Core Component: This lab explores how Bonsai v3 efficiently adds new individuals to existing pedigrees one at a time, rather than rebuilding the entire structure. These incremental addition strategies are critical for performance when working with large datasets and for updating pedigrees as new genetic data becomes available.

The Challenge of Incremental Addition

Why Incremental Addition Matters

In real-world genetic genealogy applications, data often arrives incrementally. New individuals may take DNA tests and need to be placed in an existing family structure without recomputing the entire pedigree. Bonsai v3 addresses this challenge through specialized functions that efficiently find optimal placement for new individuals within existing pedigrees.

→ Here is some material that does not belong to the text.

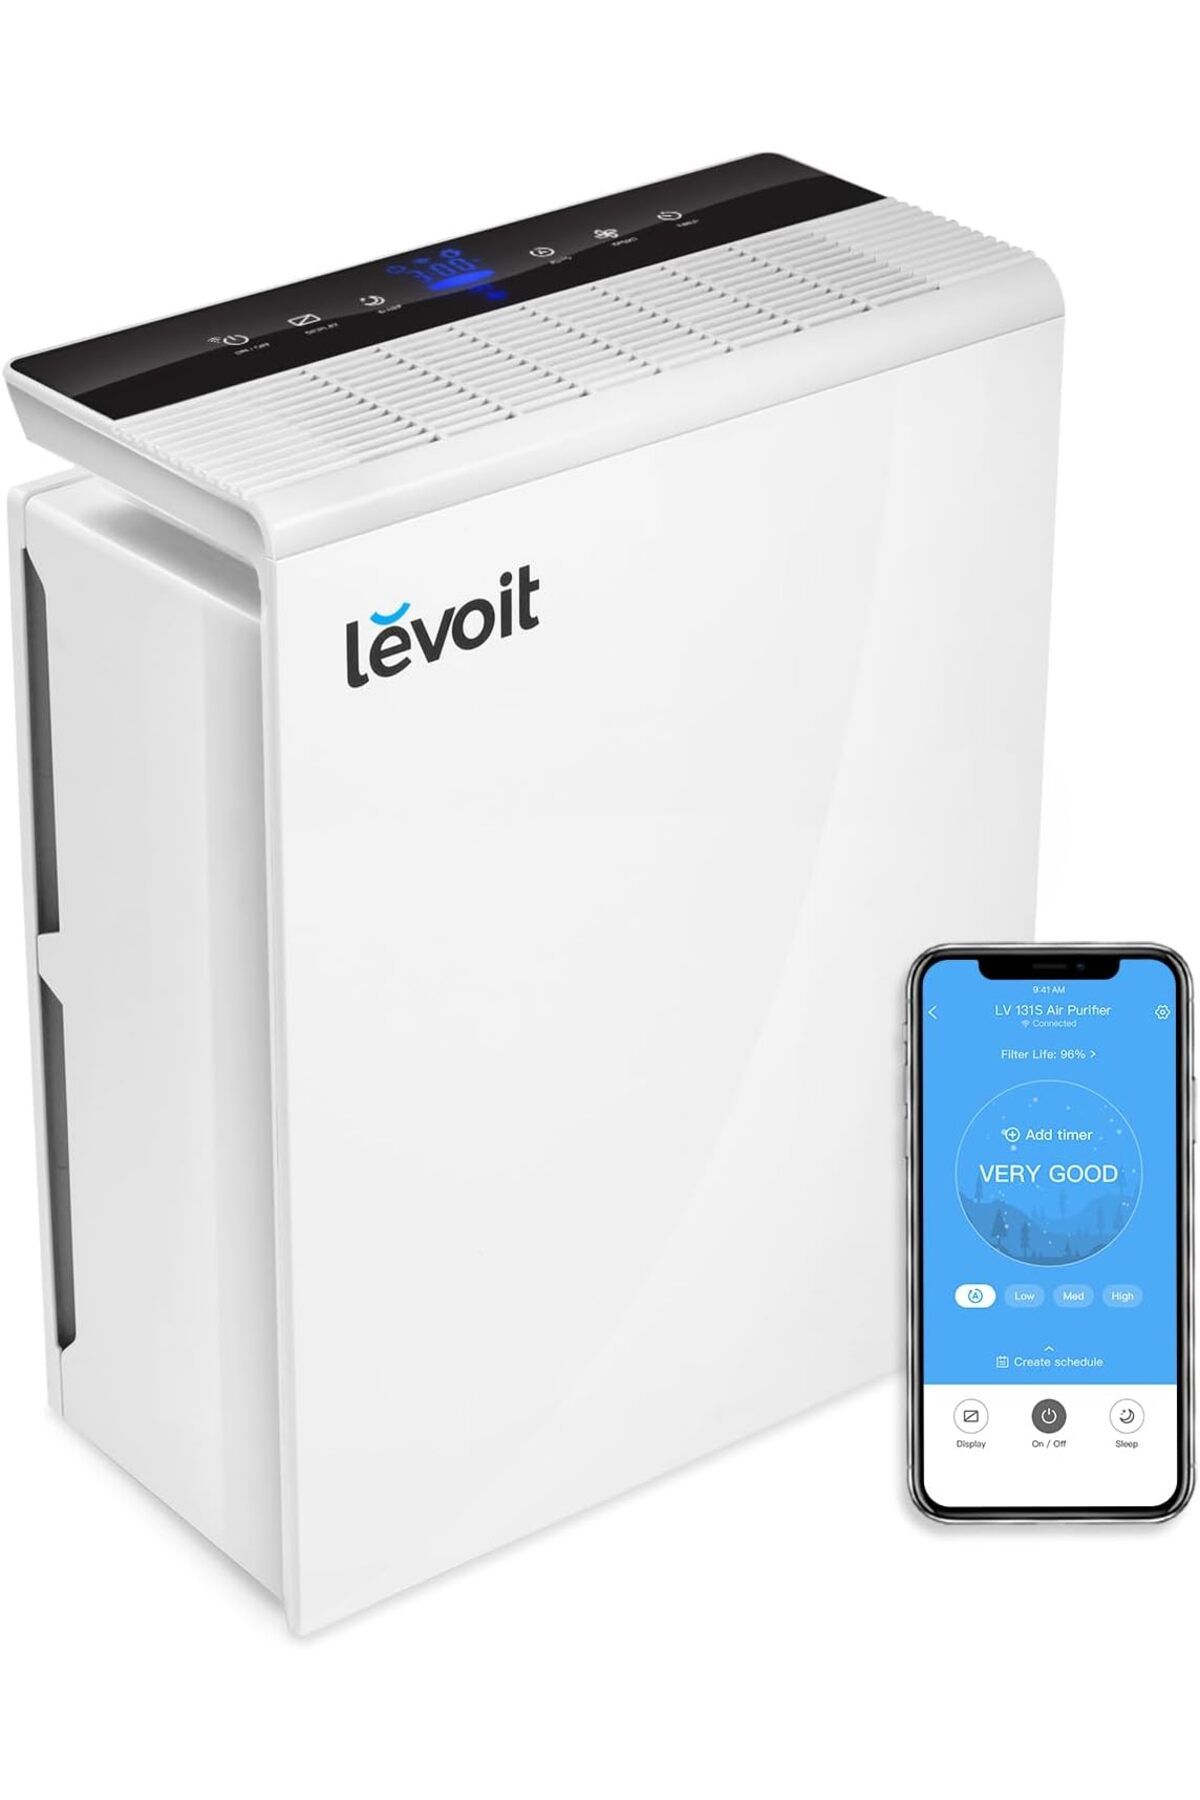 Levoit Home WiFi Hepa Hava Temizleme Cihazı, Hava Kalitesi Göstergesi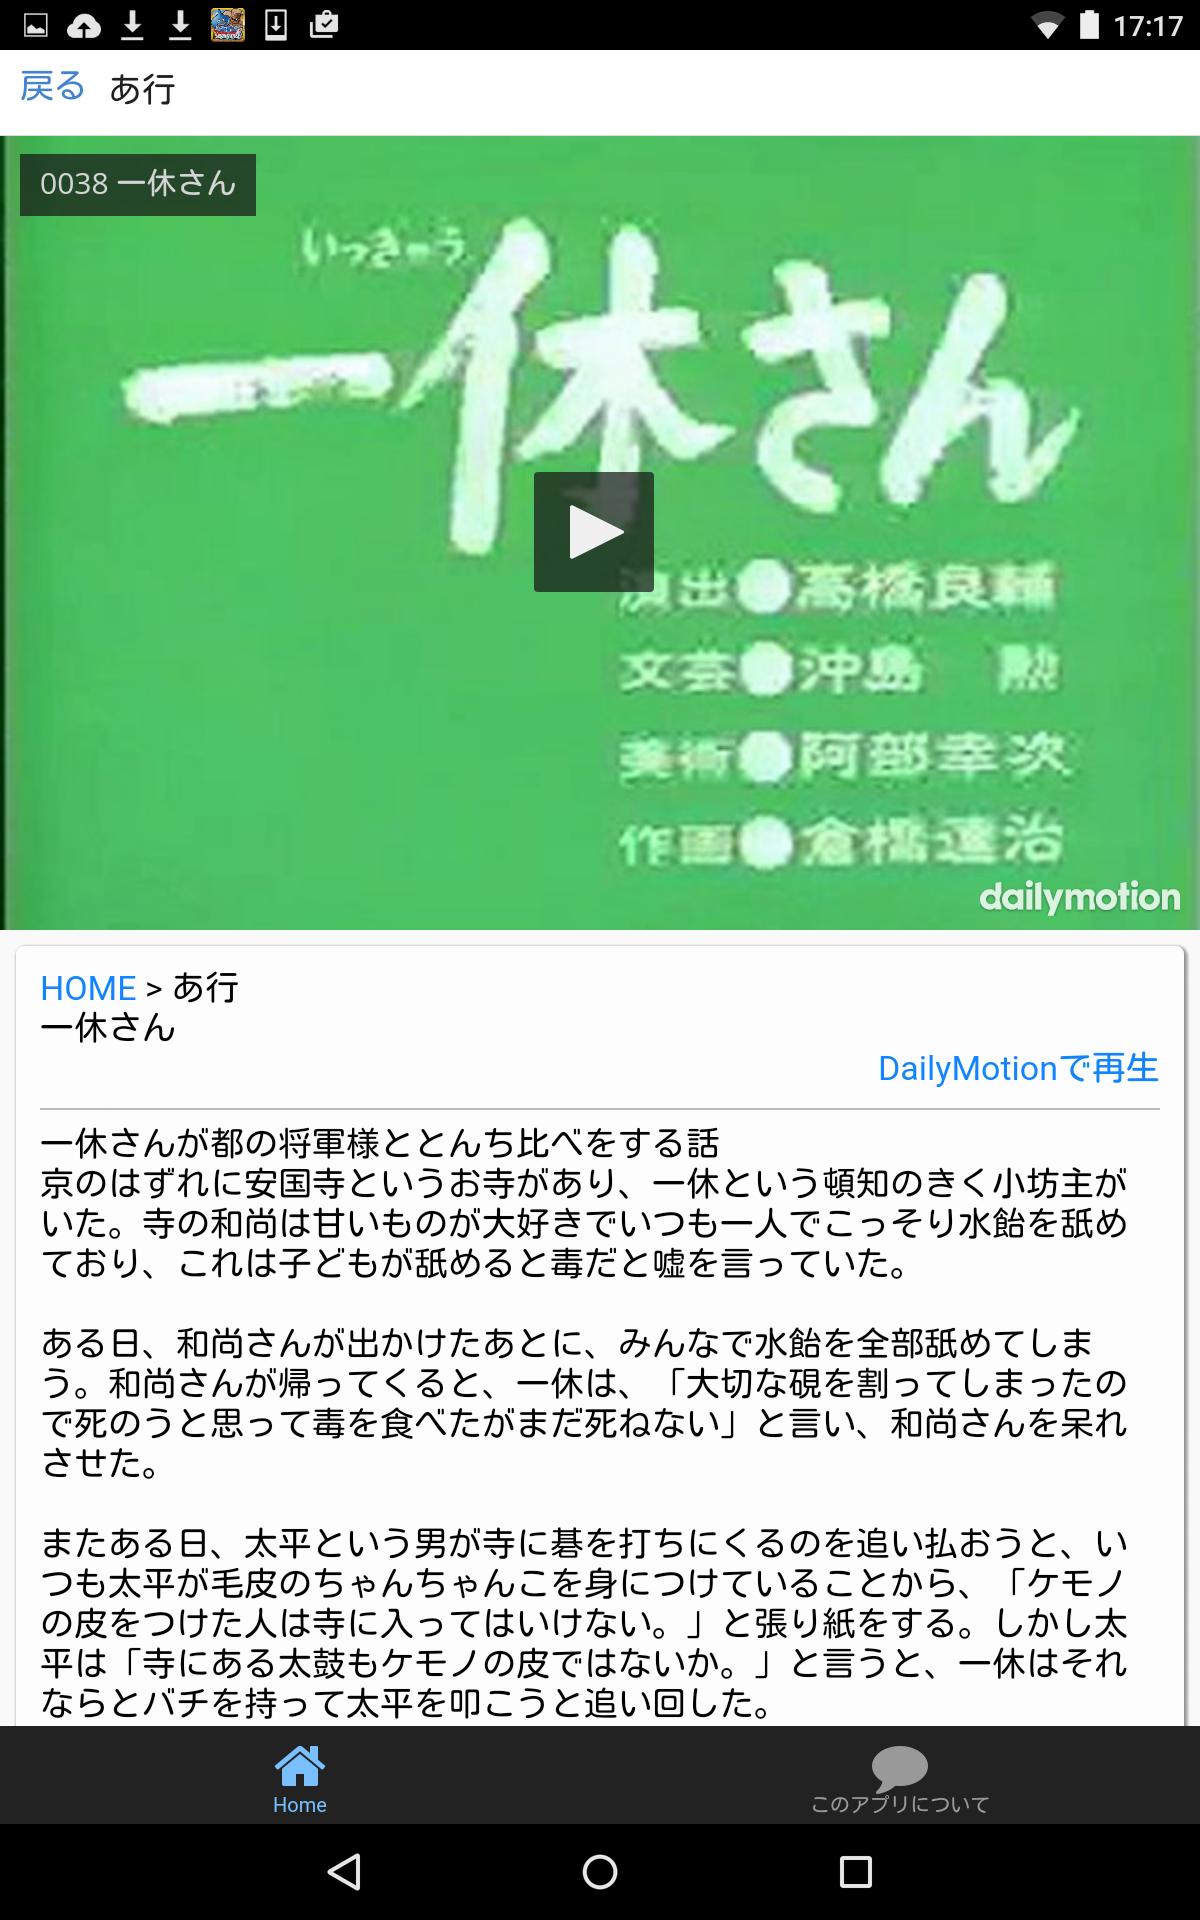 まんが日本昔話for動画 For Android Apk Download

The key advantages of incremental addition include:

Computational Efficiency: Adding one individual is much faster than rebuilding an entire pedigree
Stability: Existing relationships in the pedigree remain stable as new individuals are added
Scalability: The approach can handle continuous addition of new individuals over time
Real-time Updates: Results can be updated promptly as new data becomes available

The core of this functionality in Bonsai v3 is the add_individual_to_pedigree function:

def add_individual_to_pedigree(
    id_val: int,
    up_dct: dict[int, dict[int, int]],
    id_to_shared_ibd: dict[tuple[int, int], list[dict]],
    id_to_info: dict[int, dict],
    pw_ll: Any,
    max_up: int = 3,
    n_keep: int = 5,
    return_only_best: bool = True,
):
    """
    Add a single individual to an existing pedigree.
    
    Args:
        id_val: ID of the individual to add
        up_dct: Up-node dictionary representing the existing pedigree
        id_to_shared_ibd: Dict mapping ID pairs to their IBD segments
        id_to_info: Dict with demographic information for individuals
        pw_ll: PwLogLike instance for likelihood calculation
        max_up: Maximum number of generations to extend upward
        n_keep: Number of top pedigrees to keep
        return_only_best: Whether to return only the best pedigree
        
    Returns:
        List of (pedigree, likelihood) pairs or just the best one
    """
    # Actual implementation details...

This function orchestrates the process of finding the optimal way to add a new individual to an existing pedigree. It evaluates different potential connection points and relationship configurations, much like the pedigree merging process we saw previously, but optimized for the single-individual case.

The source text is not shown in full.